And that leads-- that's what I'm about to complete here-- would lead you, for example, very quickly to the interlacing theorem that I spoke about for eigenvalues and for singular values of when you perturb S or when you throw away a row and column of S. The eigenvalues go in between. That is the kind of conclusion that this max min stuff is set up to produce.
So here, let me just tell you what it would be. I'm aiming to get lambda 2. So I'm going to take a maximum over two dimensional spaces-- subspaces of R3. We're in 3D. So you can see that's sort of like 2-dimensional spaces. Let me give that subspace a name like V. That'll do. Cap V, everybody can see that that's a cap V. And then this will be the minimum over V.
So it's is kind of tricky. So I take any subspace that's two dimensional. And I'll take one in a moment. And I'll figure out the minimum.
Well, suppose I take this subspace V, which is spanned by the first two-- it's supposed to be a 2D subspace-- spanned by the first. Suppose I try example. The span of 1, 0, 0, and 0, 1, 0. In other words, all vectors u, v, 0. That's a 2D space.
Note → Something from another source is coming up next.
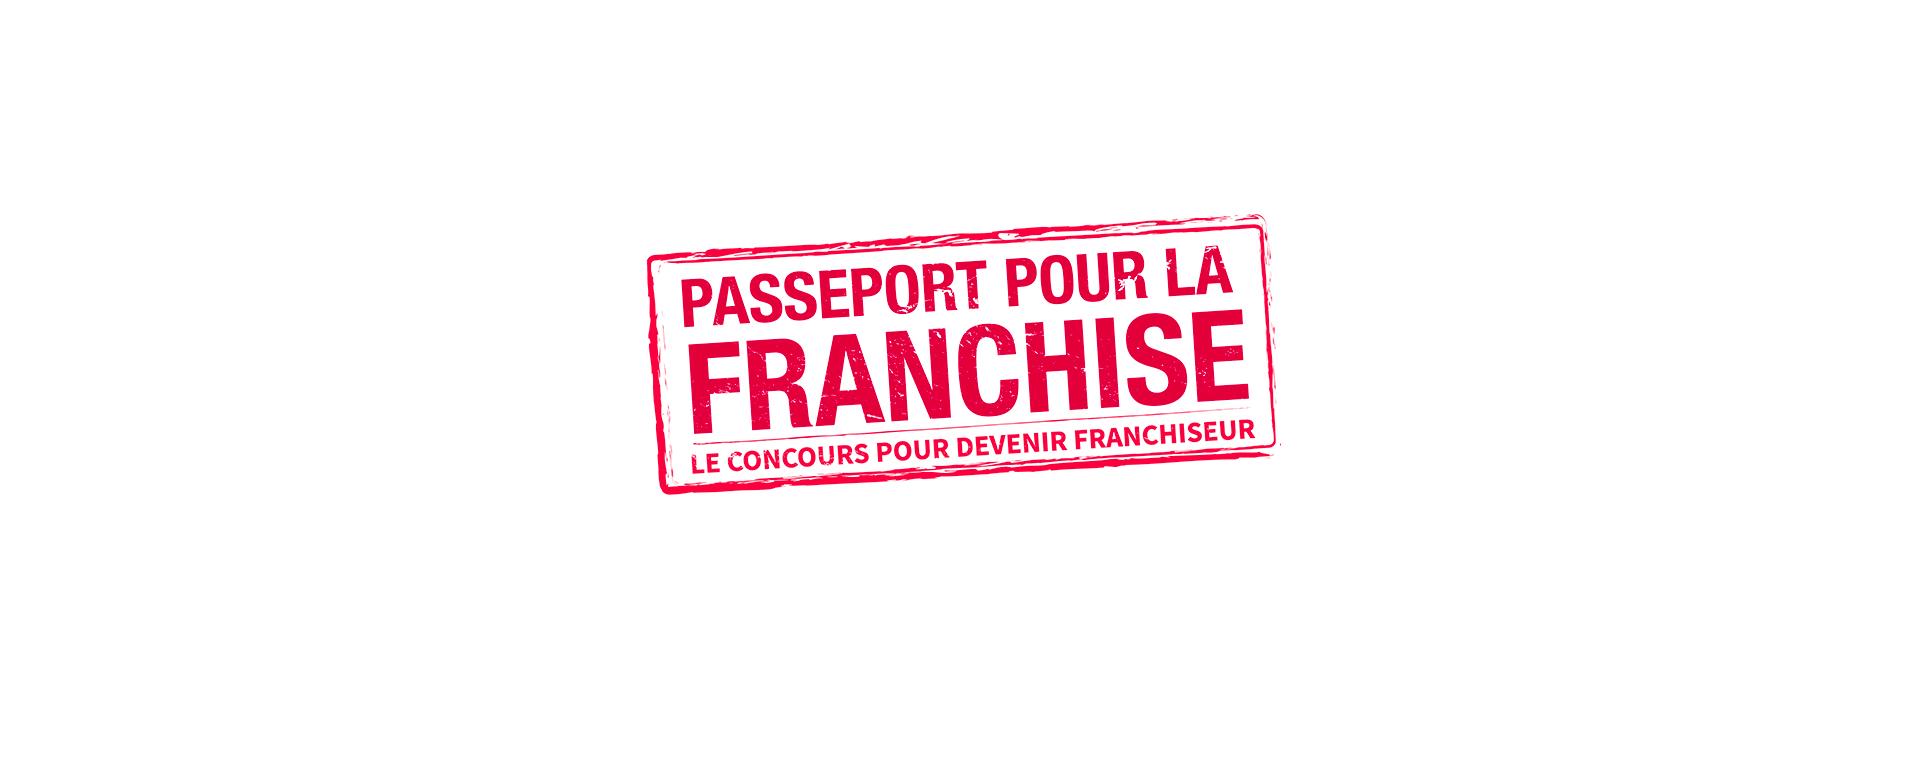 Revue de presse Nachos Passeport pour la franchise

What is the minimum of that Rayleigh quotient over that two-dimensional space? So now I'm taking a minimum. I don't have to think about saddle points. So I'm looking at the thing, but w is zero now. Everybody sees that I've squeezed it down to 2D. So w is zero. So what is the minimum now?
So this thing would become-- for this space-- would become the 5u squared and the 3v squared over the u squared plus the v squared, but the W is 0. So what's the minimum of that?
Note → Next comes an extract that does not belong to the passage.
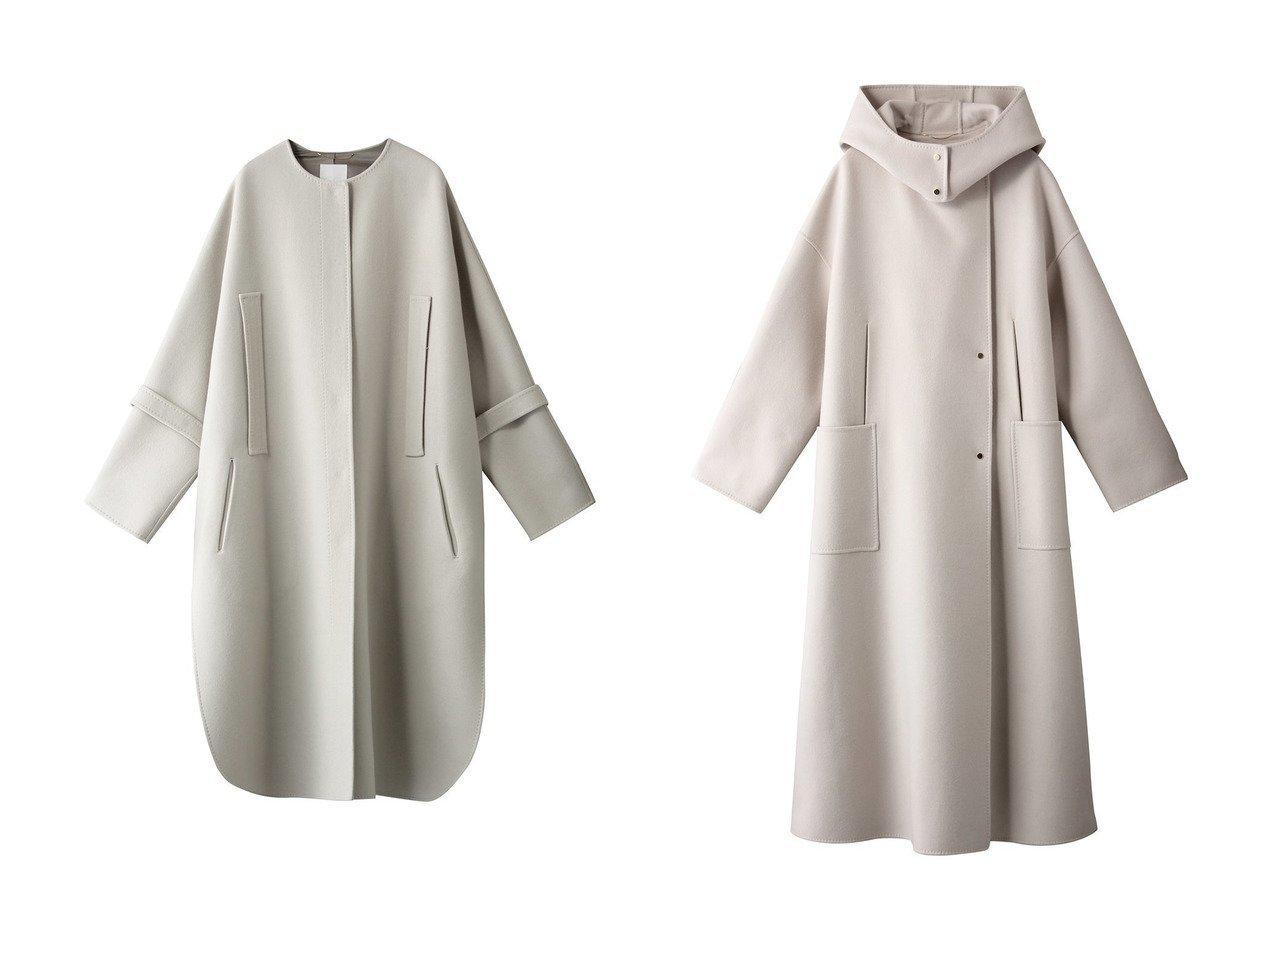 【ebure/エブール】のリュクスメルトン ノーカラーコート&リュクスメルトン フーデットコート 【アウター】おすすめ!人気、トレンド・レディースファッションの通販 おすすめで人気の流行・トレンド、ファッションの通販商品 インテリア・家具・メンズファッション・キッズファッション・レディースファッション・服の通販 founy(ファニー) https://founy.com/ ファッション Fashion レディースファッション WOMEN アウター Coat Outerwear コート Coats 2020年 2020 2020-2021秋冬・A/W AW・Autumn/Winter・FW・Fall-Winter/2020-2021 2021年 2021 2021-2022秋冬・A/W AW・Autumn/Winter・FW・Fall-Winter・2021-2022 A/W・秋冬 AW・Autumn/Winter・FW・Fall-Winter カシミヤ シンプル スリット ポンチョ メルトン ロング  ID:crp329100000058640

GILBERT STRANG: 3. 3. OK, the minimum is 3 for this particular space. Let me call it V special. For that particular space, the minimum is 3, correct? Everybody sees that. Because I just have u and v to play with, the 5 and the 3. So if I put everything into v, I get to 3.
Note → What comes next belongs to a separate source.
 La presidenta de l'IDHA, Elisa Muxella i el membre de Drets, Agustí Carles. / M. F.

And now, I take the maximum. So the maximum is at least 3, because this particular choice of V gave me the answer 3. And now, I'm taking the maximum over all possible 2D spaces. And I got 3 for one of the possible spaces of V. And I might get higher than 3 for some other one. But actually I don't. The truth is that this turns out to be 3 which is, of course, exactly what we wanted.
So I'm saying that this particular two-dimensional space, the minimum of over that, minimum, the minimum there is 3. And now, I maximize over all others. And so the idea is that for any other one, the minimum value will be below 3. And, therefore, when I go for the max of the mins, I get 3. So I just repeat that and then be quiet about this whole subject.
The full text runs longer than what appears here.